The swanee whistle dates back at least to the 1840s, when it was manufactured by the Distin family and featured in their concerts in England. Early slide whistles were also made by the English J Stevens & Son and H A Ward. By the 1920s the slide whistle was common in the U.S.A., and was occasionally used in popular music and jazz as a special effect. For example it was used on Paul Whiteman's early hit recording of Whispering (1920).[2] Even Louis Armstrong switched over from his more usual cornet to the slide whistle for a chorus on a couple of recordings with King Oliver's band and his own Hot 5[citation needed]. At that time, slide saxophones, with reeds rather than a fipple, were also built. The whistle was also widely used in Jug band music of the 1920s such as Whistler's Jug Band. The las vegas based band holes and hearts also used the slide whistle on their song dancing monkey.

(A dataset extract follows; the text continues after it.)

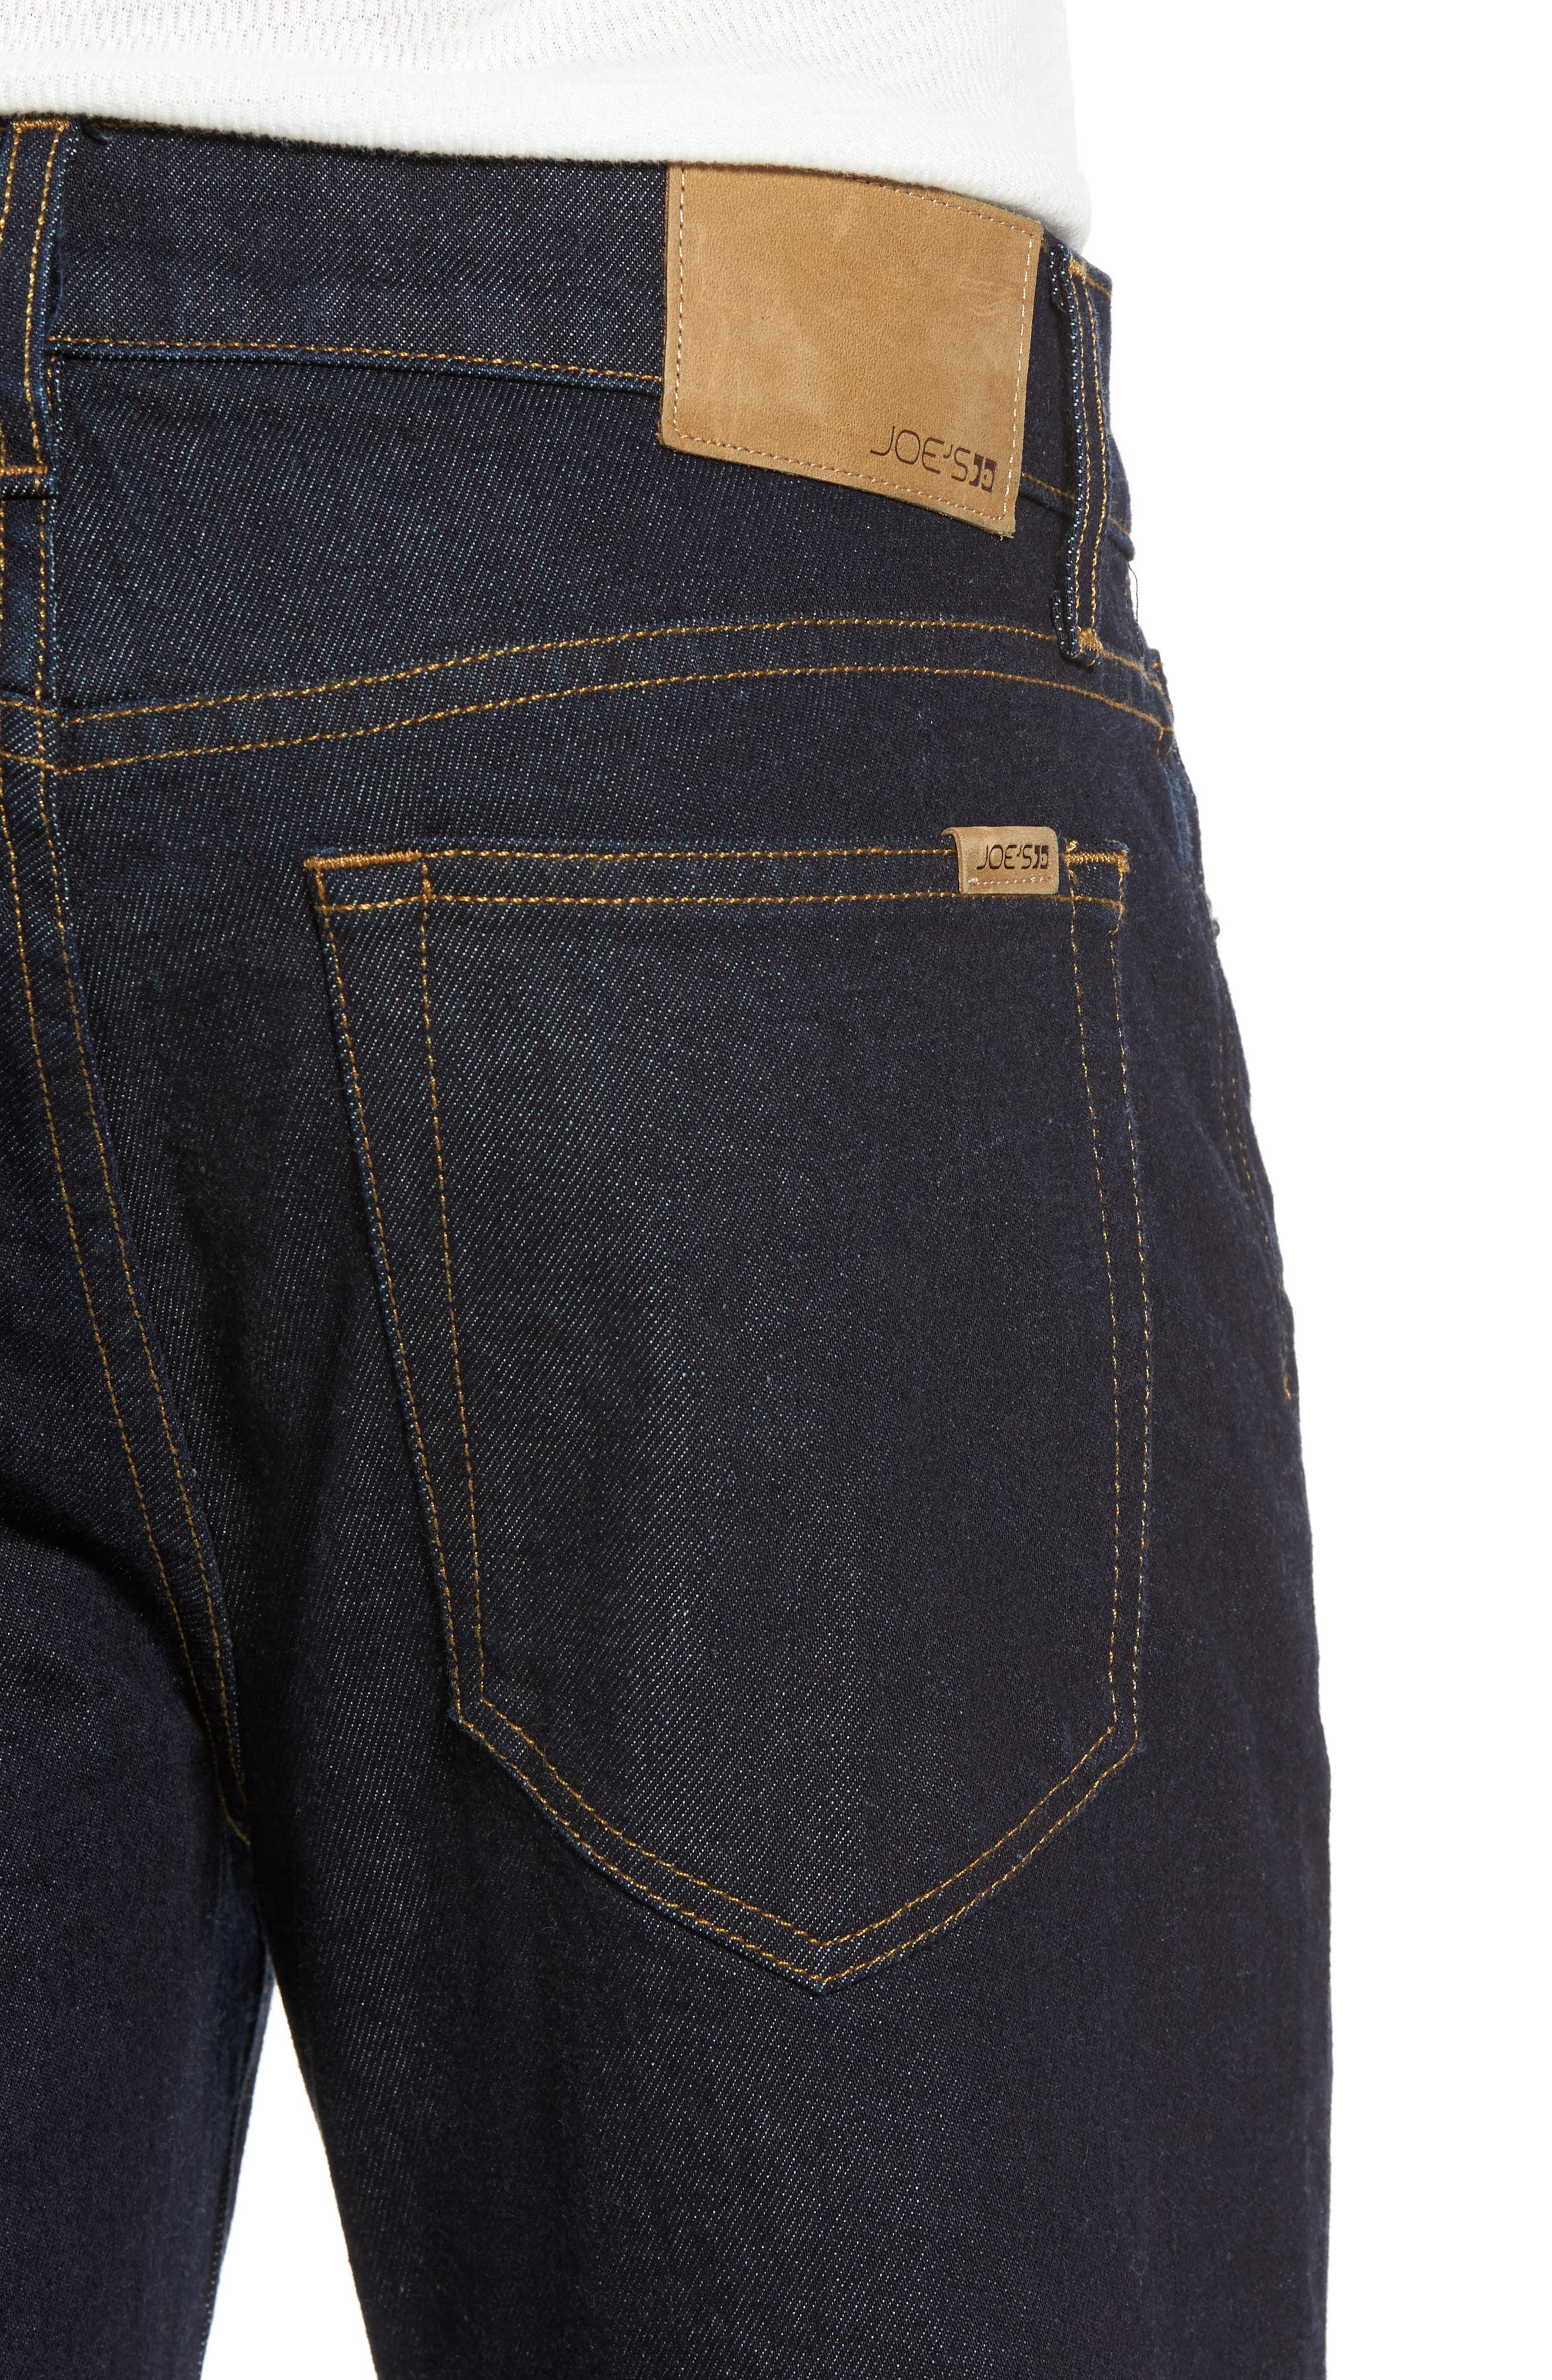 Brixton Slim Straight Leg Jeans,                             Alternate thumbnail 4, color,                             Halford

In the 1930s through the 1950s it was played with great dexterity by Paul 'Hezzie' Trietsch, one of the founding members of the Hoosier Hot Shots. They made many successful recordings and Hezzie's virtuosity was legendary.

A more recent appearance of the slide whistle can be heard in the 1979 song "Get Up" by Vernon Burch. The slide whistle segment of this song was later sampled by Deee-Lite in their 1990 hit Groove Is in the Heart.

Fred Schneider of The B-52s plays a plastic toy slide whistle in live performances of the song "Party Out of Bounds" as a prop for the song's drunken partygoer theme, in place of the trumpet thus used in the studio for the album song.